▶ Problem to work on: Emit the data below verbatim, stripping out any pictures.

Data below: Begin

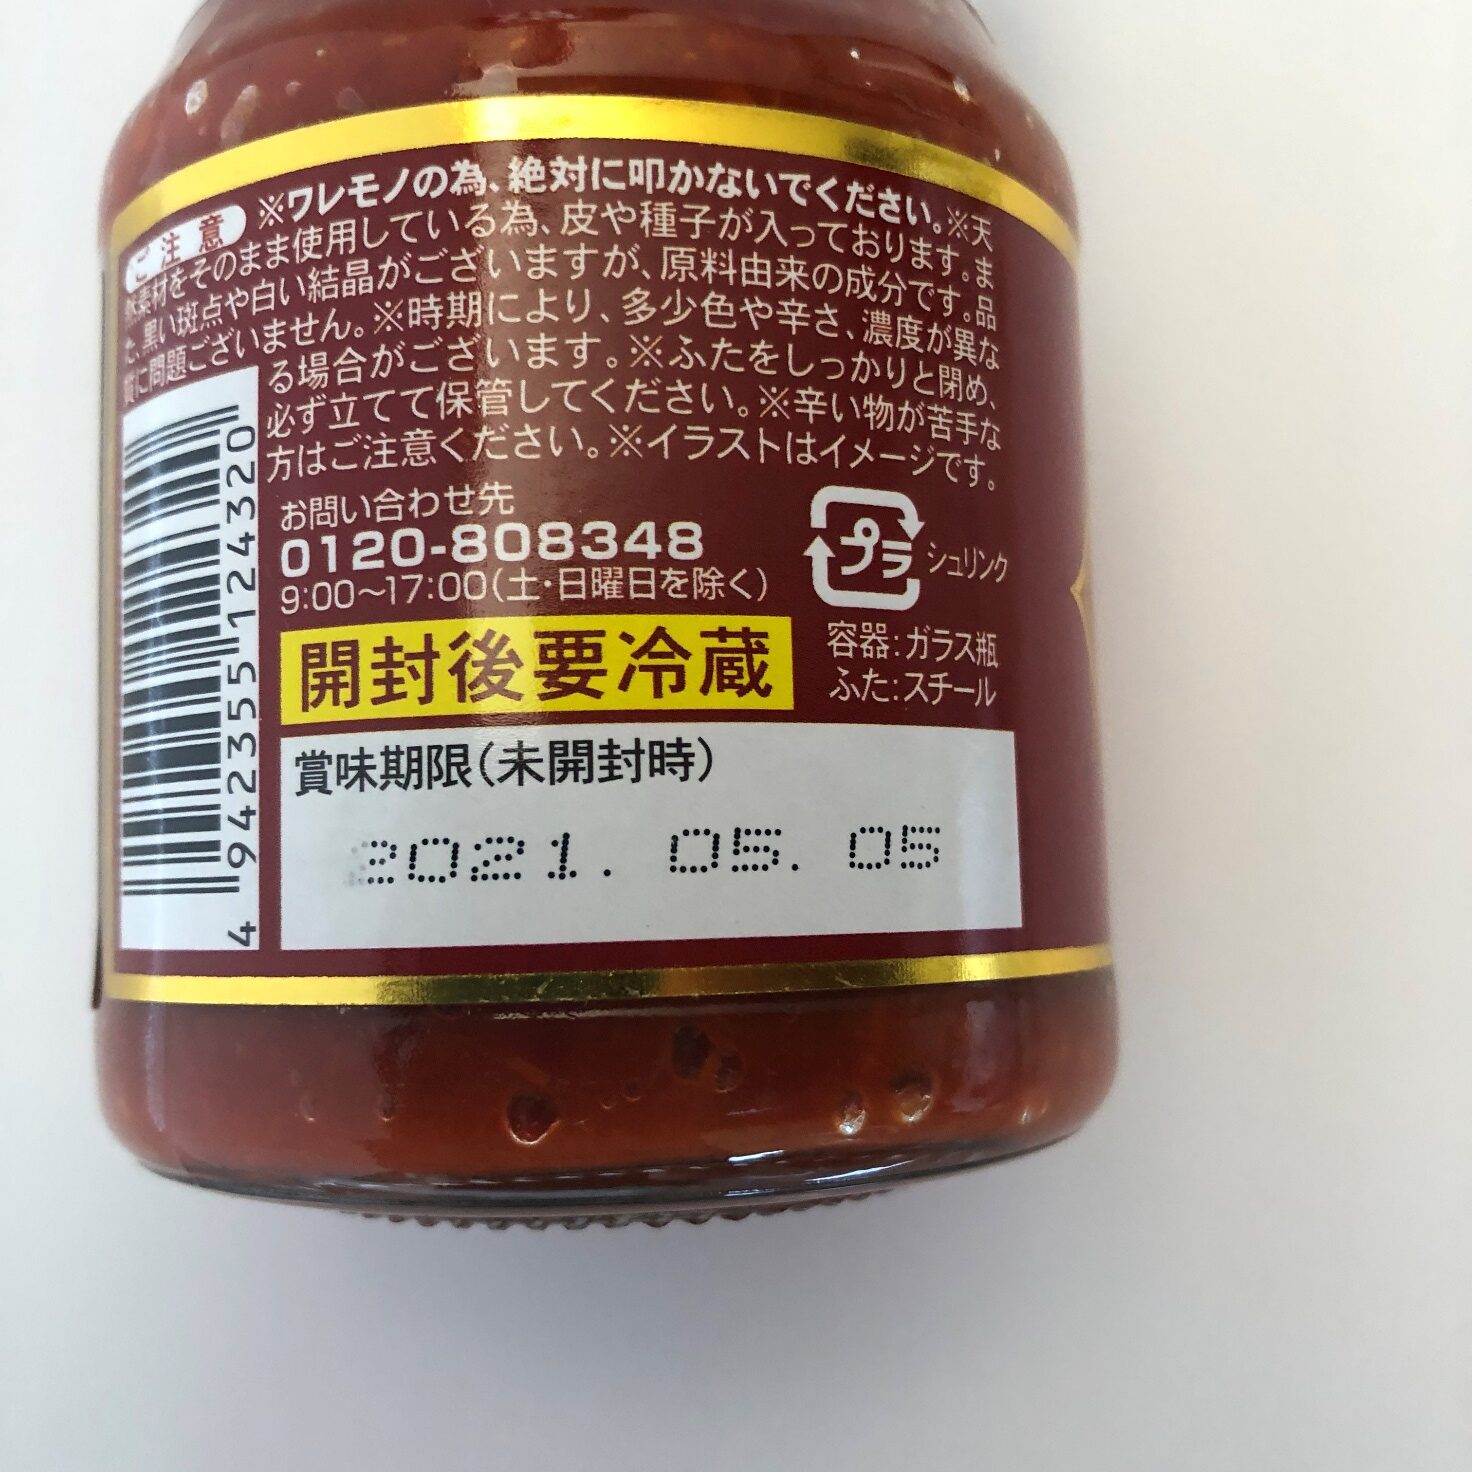 業務スーパーの四川豆板醤の賞味期限表記
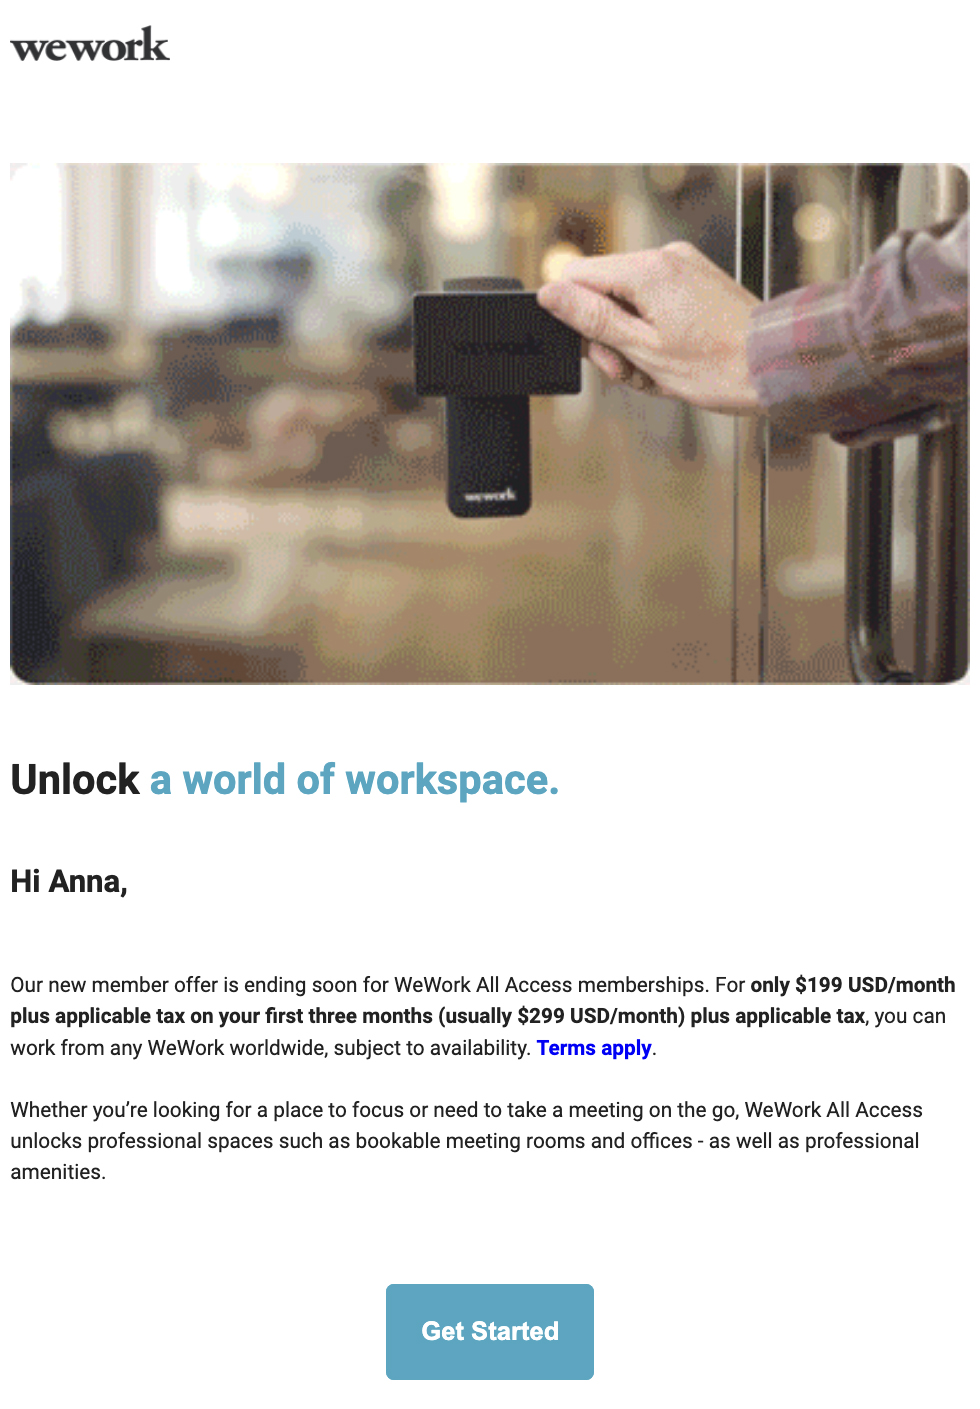 Ejemplo de correo electrónico promocional de WeWork
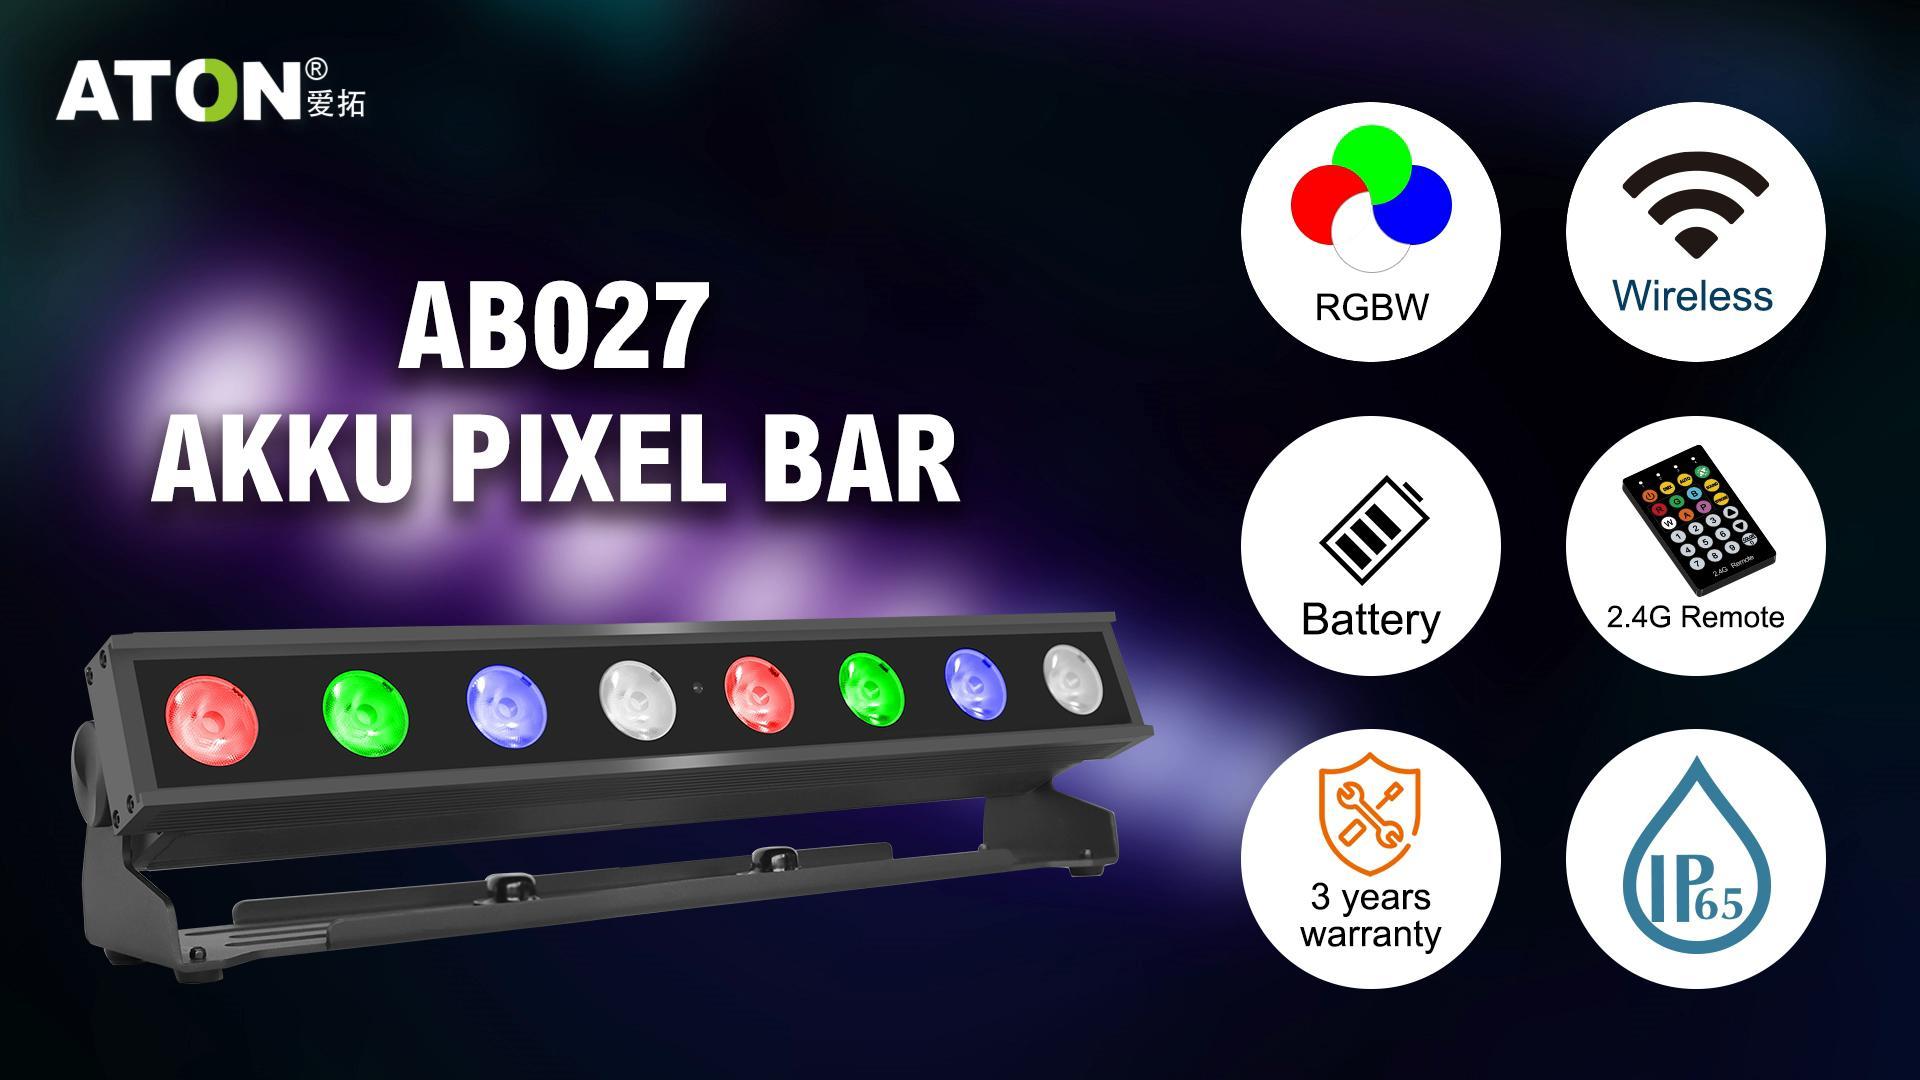 Akku pixel bar 8*10W 4 in 1 RGBW LEDs
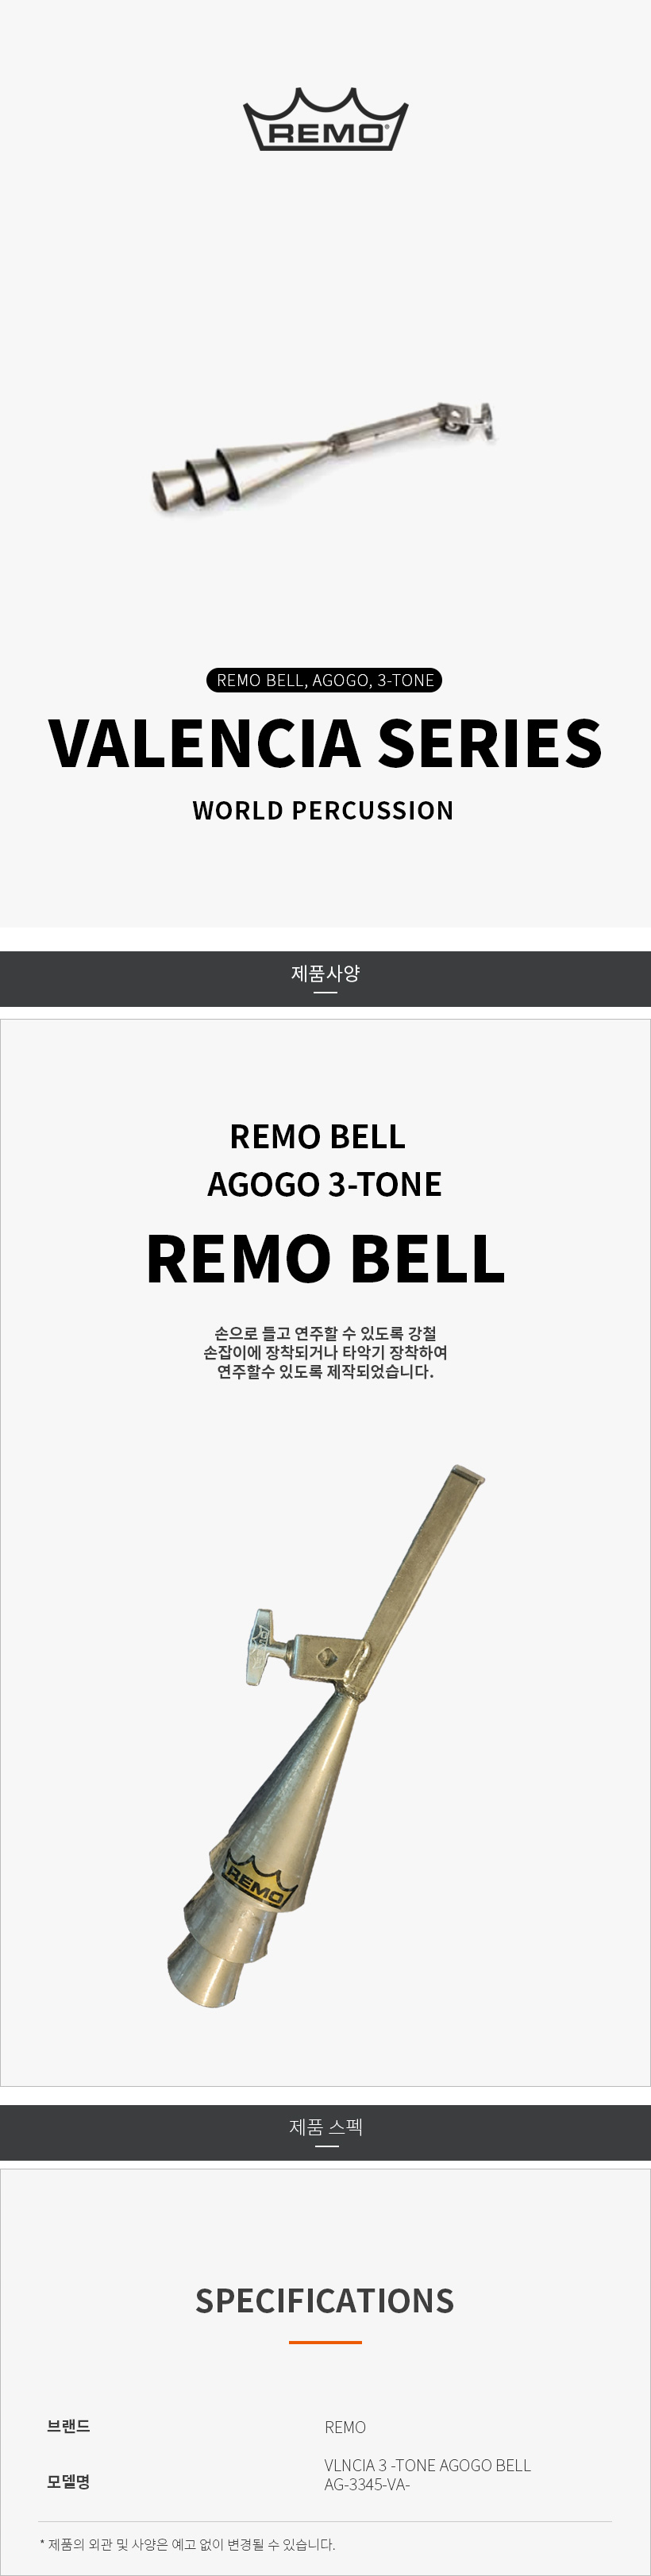 3-tone-agogo-bell

Data below: End

▶ Answer to the problem:
 業務スーパーの四川豆板醤の賞味期限表記
 Ejemplo de correo electrónico promocional de WeWork
 Akku pixel bar 8*10W 4 in 1 RGBW LEDs
 3-tone-agogo-bell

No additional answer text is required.